Talia wears a Gitas Portal dress.
- TALIA: "We renovated the whole building. It had been an illegal SRO (single-room-occupancy) and was not in good shape when we bought it. When I moved downstairs, I did a few minor things to make it more personal: wallpaper in the bathroom, new light fixture in the dining room, lots of new paint colors."
- Happy family: Rian, Talia, Logan, and Mimi.
- TALIA: "Mostly I just acquire things I love and find ways for them to work together. Sometimes the whole room ends up focusing around one painting. Often the things I love come with stories—about the people who made them, or the places I found them, etc."
- Rian is an accomplished ukulele player, and has even performed at the famous Knitting Factory.
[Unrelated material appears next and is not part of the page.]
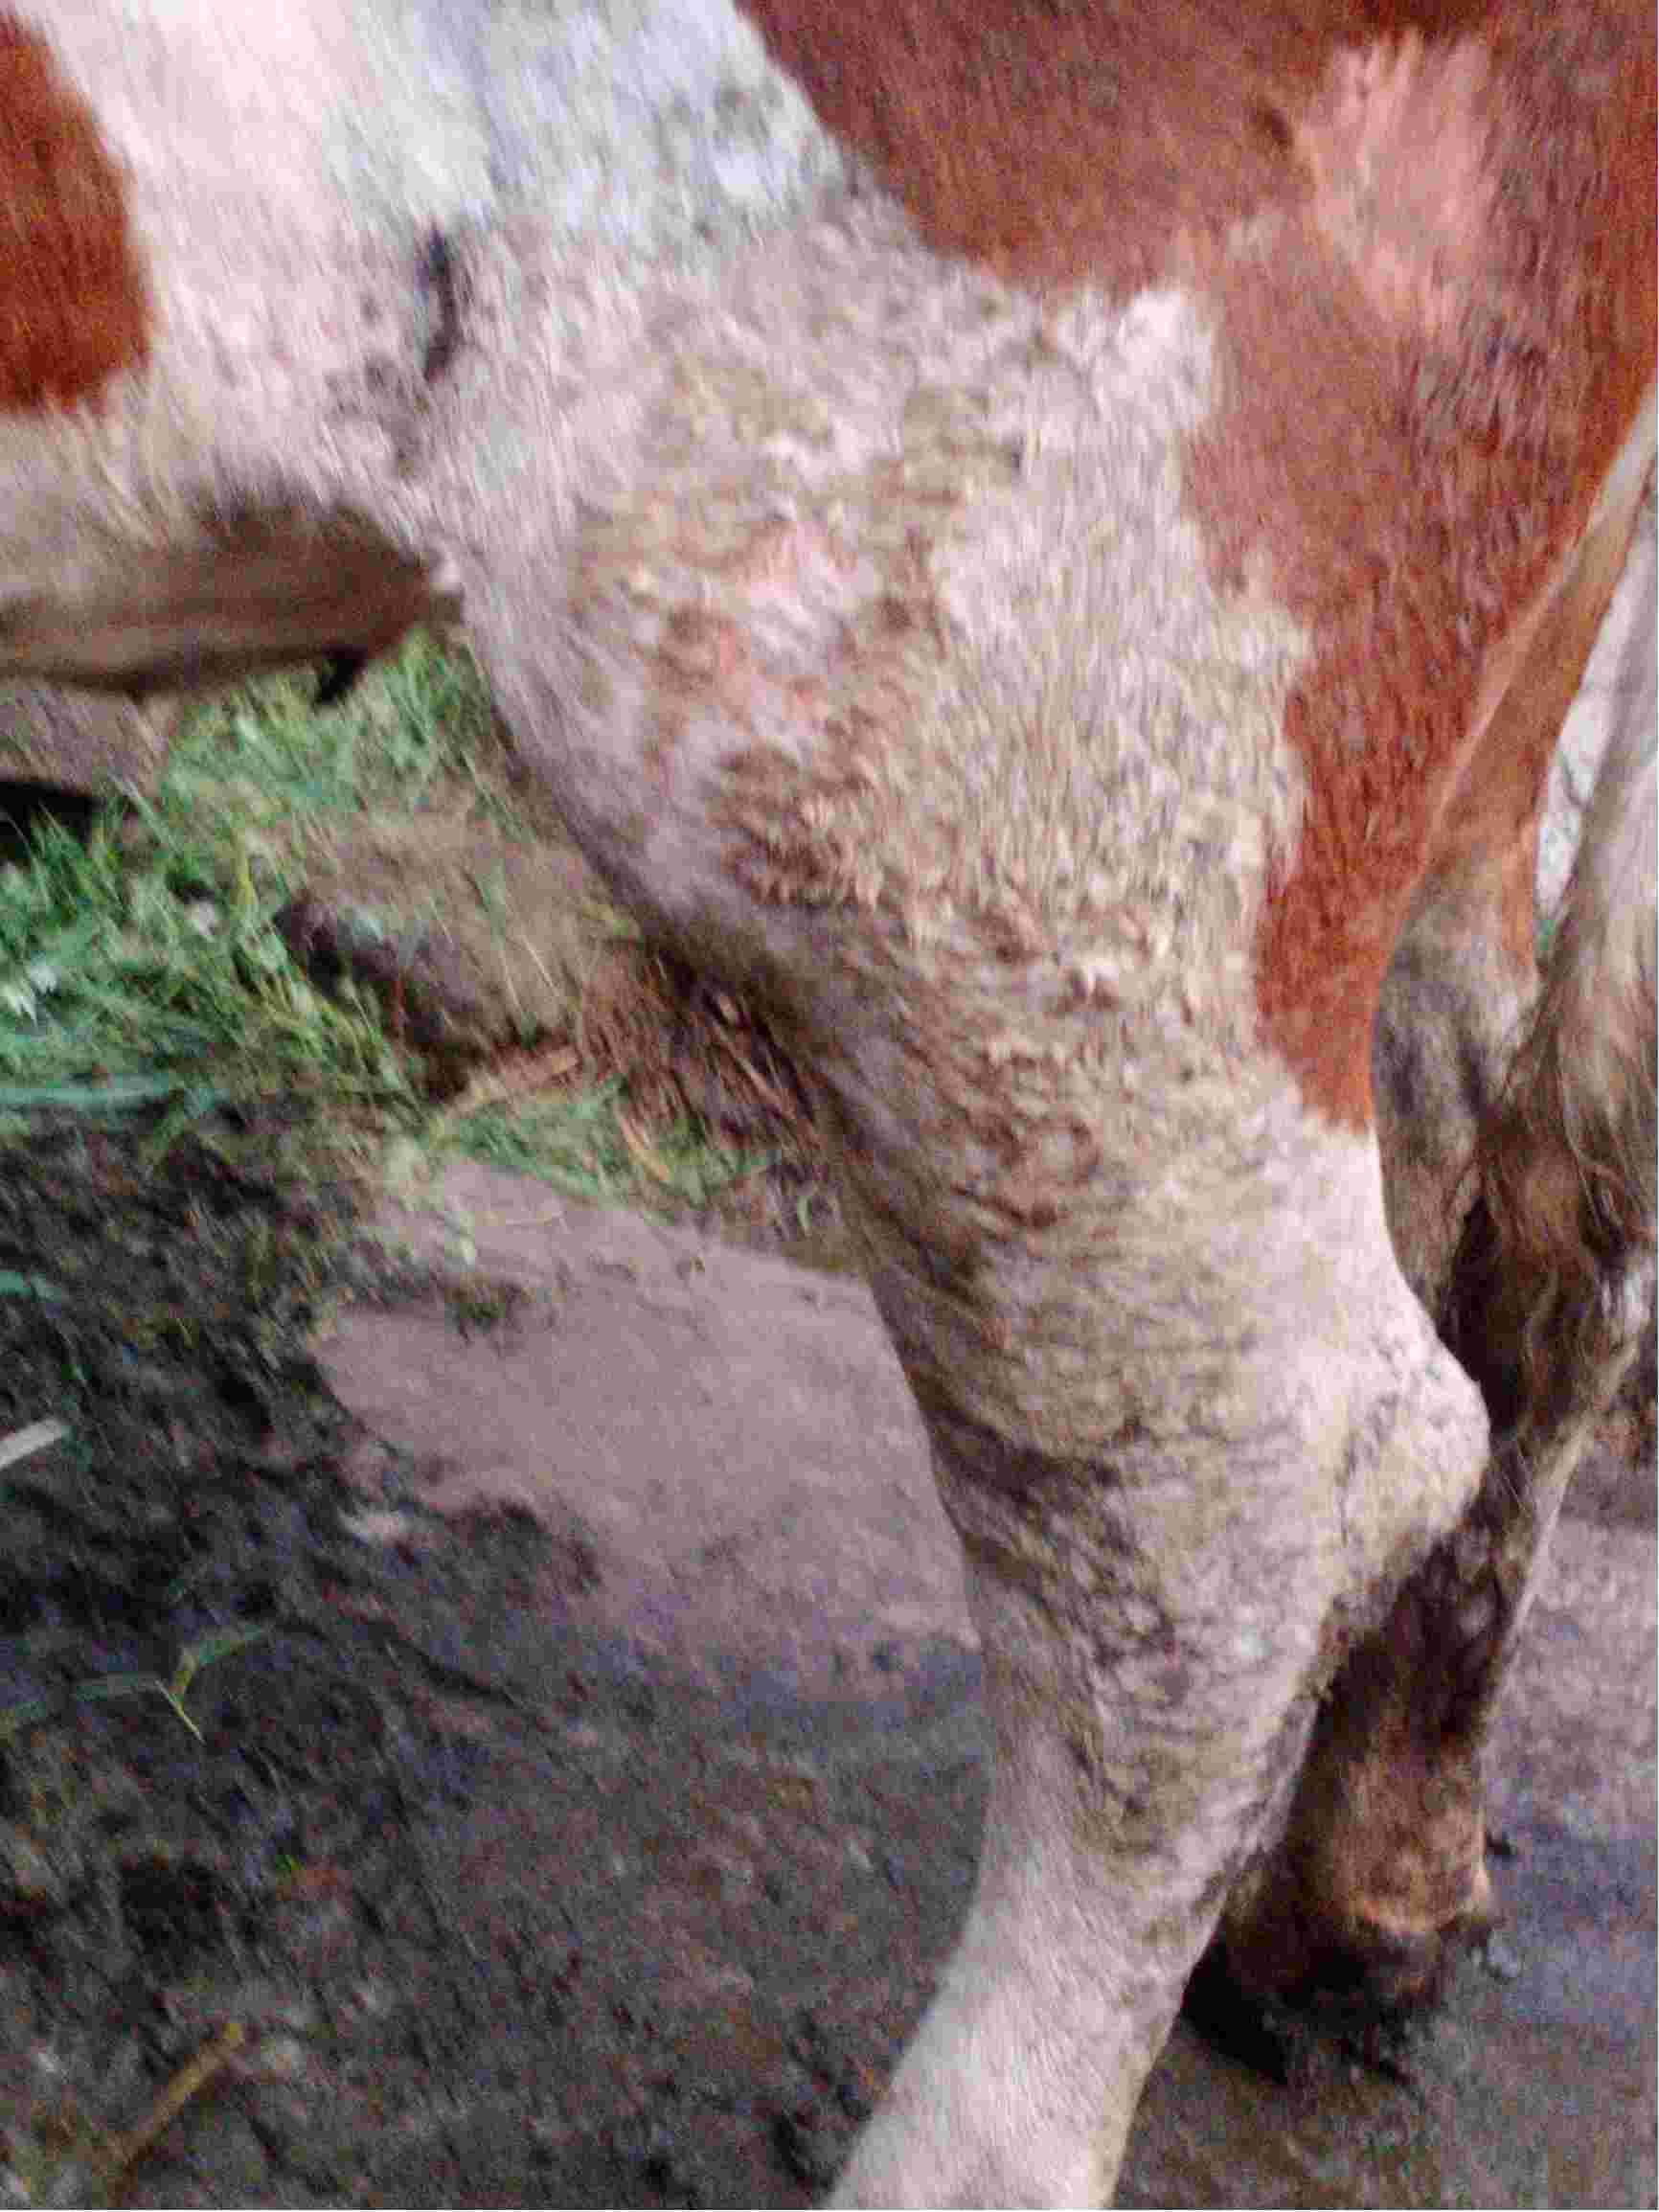 我家的母牛后腿水肿严重,都不能正常走路,但能吃一点草.

- TALIA: "There are a lot of pieces I love: The chicken photos in my dining room are by a friend, Tamara Staples. I went with her to help 'fluff' the chickens for the shoots and she gifted me two prints as a thank you. I have other art works by friends that I also love—it's always special to have things made by people you know. Also, I have a bit of a chair fetish. The chairs in my living room are Wagner Shell Chairs with special-edition Maharam fabric that I bought against my better judgement, because I just loved them. Fortunately, the cats haven’t destroyed those—my couch is a disaster! And then I love things I’ve collected on travels: some from South Africa, where I grew up, like the tapestry and Ndebele dolls in my dining room, others from vacations, like the Vietnamese water dragon in my kitchen."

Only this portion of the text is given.